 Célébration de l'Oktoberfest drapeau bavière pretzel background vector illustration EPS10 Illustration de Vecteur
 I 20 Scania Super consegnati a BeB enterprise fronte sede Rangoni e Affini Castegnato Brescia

==

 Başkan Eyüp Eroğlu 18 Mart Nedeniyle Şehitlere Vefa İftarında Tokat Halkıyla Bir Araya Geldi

**WORK REQUEST:** Keep both end lines and retype everything in the records above from the line containing "Célébration de l'Oktoberfest" through the line containing "I 20 Scania", exactly, with nothing else.

**FINAL ANSWER:**
 Célébration de l'Oktoberfest drapeau bavière pretzel background vector illustration EPS10 Illustration de Vecteur
 I 20 Scania Super consegnati a BeB enterprise fronte sede Rangoni e Affini Castegnato Brescia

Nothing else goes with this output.